Jesus preached to so many people because he was driven by deep-seated pity and concern. He was heartbroken that the crowds were so far from God. Our passage shows us that he expected his disciples, both past and present, to share his compassion and continue his mission. Even Simeon Stylites understood this, and spent some time passing on the message of God’s love, even allowing people to come up and talk to him via a ladder.

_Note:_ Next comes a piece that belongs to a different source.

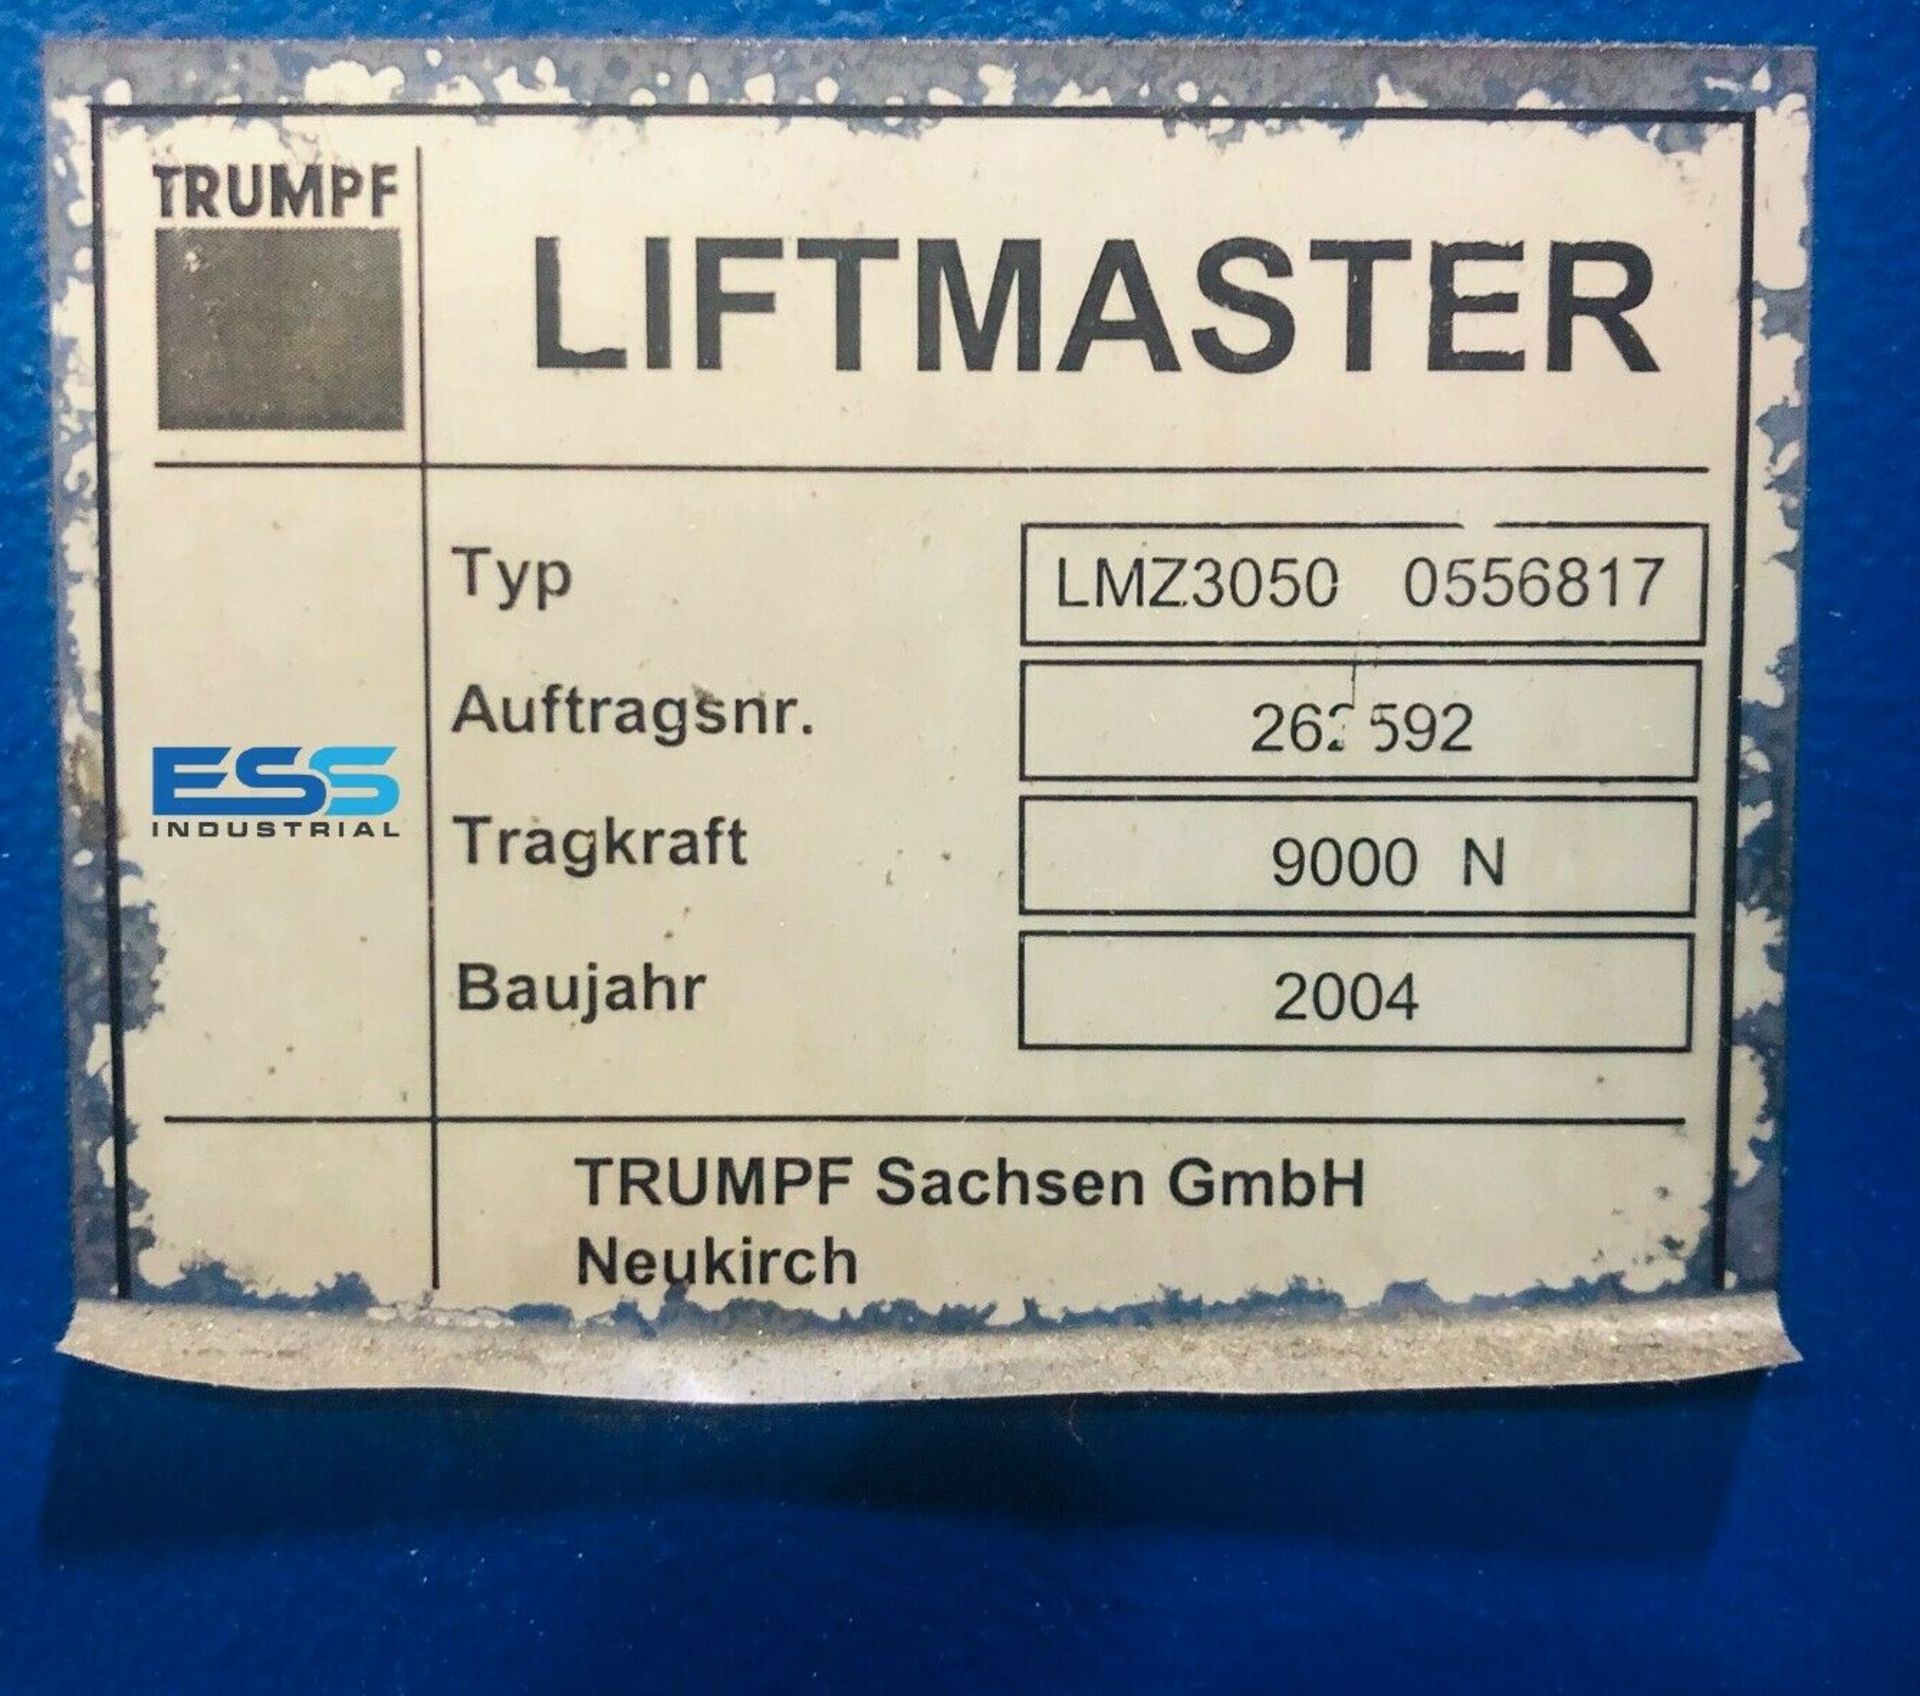 TRUMPF LIFTMASTER LMZ-3050 AUTOMATIC SHEET LOADER - Image 4 of 4

If we are honest, keeping ourselves to ourselves can seem the safer option. Living in a world that is often hostile to the Christian faith, where temptations abound, we can perhaps understand why the Pharisees also felt such fear. Jesus, however, does not seem to have worried that his disciples might fall away as a result of mixing with people who lived at a distance from God. Even though they were only young in faith, he sent his small and inexperienced group of
disciples out into the unbelieving towns and villages around, confident that they would have more impact upon the world than the world would have upon them.
There would be opposition and even persecution, as the later part of our reading reflects. However, Jesus knew that there was a vast harvest out there and his disciples would powerfully affect, influence and change many of those they went to with the Gospel message. As Jesus teaches elsewhere, the kingdom of God is like yeast that is mixed into dough. Even a tiny measure of yeast spreads rapidly through all the dough and completely transforms it.
So when we are daunted by the task of continuing Christ’s mission and reaching out, let us be encouraged by Jesus’ optimistic belief in the transforming power of the Gospel and God’s ability to work through and protect us, as we reach out with the good news.